Test different configuration levels:

Benchee.run(
  %{
    "zstd_l1" => fn input -> ExCodecs.encode(:zstd, input, level: 1) end,
    "zstd_l3" => fn input -> ExCodecs.encode(:zstd, input, level: 3) end,
    "zstd_l9" => fn input -> ExCodecs.encode(:zstd, input, level: 9) end,
    "zstd_l15" => fn input -> ExCodecs.encode(:zstd, input, level: 15) end,
    "zstd_l22" => fn input -> ExCodecs.encode(:zstd, input, level: 22) end
  },
  inputs: %{
    "1 MB" => input_medium
  },
  time: 30,
  warmup: 10
)

Benchmarking Decompression

Decompression benchmarks require pre-compressed data:

{:ok, zstd_data} = ExCodecs.encode(:zstd, input, level: 3)
{:ok, lz4_data} = ExCodecs.encode(:lz4, input)
{:ok, snappy_data} = ExCodecs.encode(:snappy, input)

Benchee.run(
  %{
    "zstd_decode" => fn _ -> ExCodecs.decode(:zstd, zstd_data) end,
    "lz4_decode" => fn _ -> ExCodecs.decode(:lz4, lz4_data) end,
    "snappy_decode" => fn _ -> ExCodecs.decode(:snappy, snappy_data) end
  },
  inputs: %{
    "1 MB" => :ok
  },
  time: 10,
  warmup: 5
)

What to Measure

Throughput (MB/s)

The primary metric for codec performance. Measures how many megabytes of input data are processed per second.

  • Compression throughput: MB/s of original data compressed per second.
  • Decompression throughput: MB/s of compressed data decompressed per second.

Higher is better.
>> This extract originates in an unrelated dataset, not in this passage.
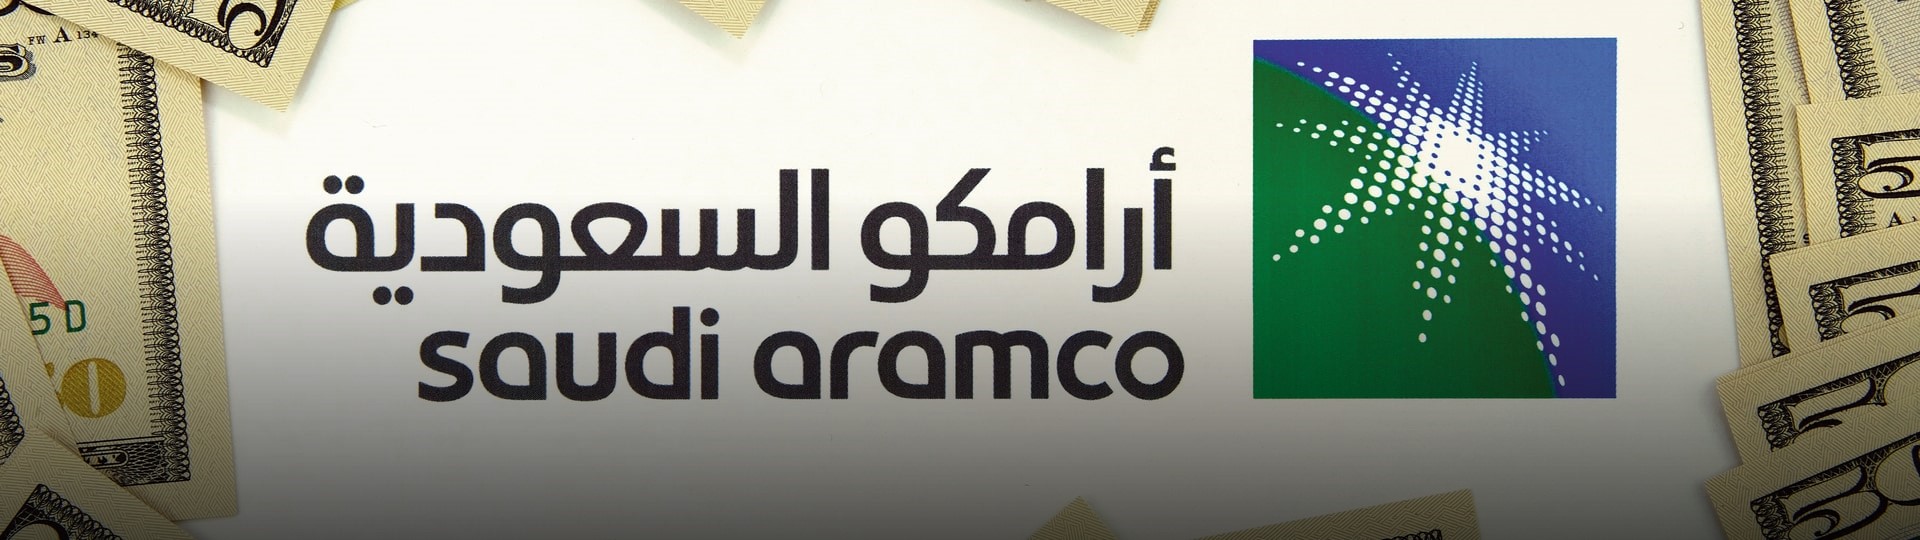 Saúdskoarabský ropný gigant Aramco zvýšil čtvrtletní zisk o 30 procent

Benchee reports iterations per second; convert to MB/s:

Throughput (MB/s) = (input_size_bytes / 1024 / 1024) * iterations_per_second

Compression Ratio

The ratio of original size to compressed size:

Ratio = original_size_bytes / compressed_size_bytes

Or as a percentage of original size:

Percentage = (compressed_size_bytes / original_size_bytes) * 100

Measure this alongside throughput:

{:ok, compressed} = ExCodecs.encode(:zstd, data, level: 3)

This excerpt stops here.